Instruction Set (AVRe/AVRe+ vs AVRxt)

The classic AVR devices all use the venerable AVRe (ATtiny) or AVRe+ (ATmega) instruction set (AVRe+ differs from AVRe in that it has hardware multiplication and supports devices with more than 64k of flash; most classic ATmega devices are AVRe+, while classic tinyAVR is all AVRe). Modern AVR devices (with the exception of ones with minuscule flash and memory, such as the ATtiny10, which use the reduced core AVRrc) all use the latest iteration of the AVR instruction set, AVRxt. AVRxt has much in common with AVRxm (used in XMega parts) in terms of instruction timing - and in the few places where they differ, AVRxt is faster (SBIC, as well as LDD, and LD with predecrement, are all 1 clock slower on AVRxm vs AVRxt or AVRe), however AVRxt doesn't have the single-instruction-two-clock read-and-write instructions for memory access LAT, LAC, LAS, and XCH. The difference between subspecies of the AVR instruction set is unimportant for 99.9% of users - but if you happen to be working with hand-tuned assembly (or are using a library that does so, and are wondering why the timing is messed up), the changes are:

  • Like AVRe+ and unlike AVRe (used in older tinyAVR), these do have the hardware multiplication.
  • PUSH is 1 cycle vs 2 on classic AVR (POP is still 2)
  • CBI and SBI are 1 cycle vs 2 on classic AVR
  • LDS is 3 cycles vs 2 on classic AVR 😞 LD and LDD are still two cycle instructions.
  • RCALL and ICALL are 2 cycles vs 3 on classic AVR
  • CALL is 3 cycles instead of 4 on classic AVR
  • ST and STD is 1 cycle vs 2 on classic AVR (STS is still 2 - as any two word instruction must be)

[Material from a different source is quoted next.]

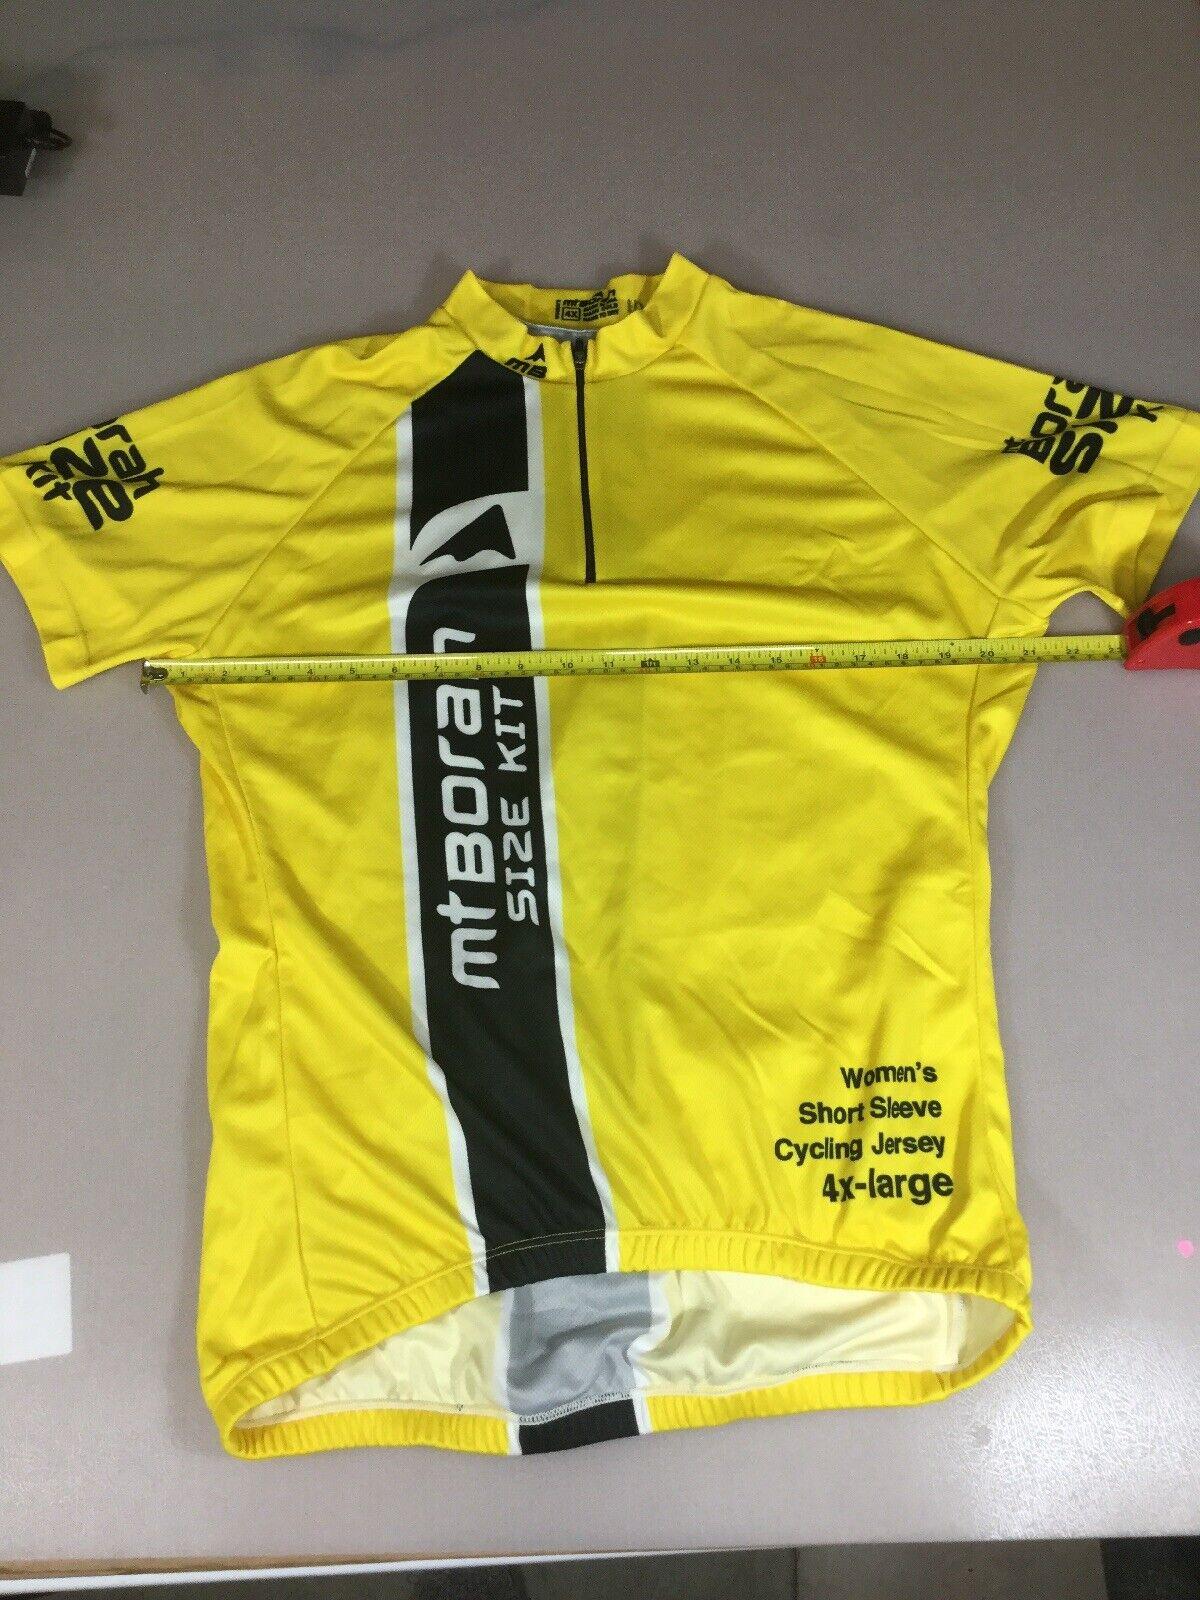 6910-26 Borah Teamwear Mens Cycling Jersey 4XL XXXXL

Note that the improvement to PUSH can make interrupts respond significantly faster (since they often have to push the contents of registers onto the stack at the beginning of the ISR), though the corresponding POP's at the end aren't any faster. The change with ST impacted tinyNeoPixel. Prior to my realizing this, the library worked on SK6812 LEDs (which happened to be what I tested with) at 16/20 MHz, but not real WS2812's. However, once I discovered this, I was able to leverage it to use a single tinyNeoPixel library instead of a different one for each port like was needed with ATTinyCore (for 8 MHz, they need to use the single cycle OUT on classic AVRs to meet timing requirements, the two cycle ST was just too slow; hence the port had to be known at compile time, or there must be one copy of the routine for each port, an extravagance that the ATtiny parts cannot afford. But with single cycle ST, that issue vanished).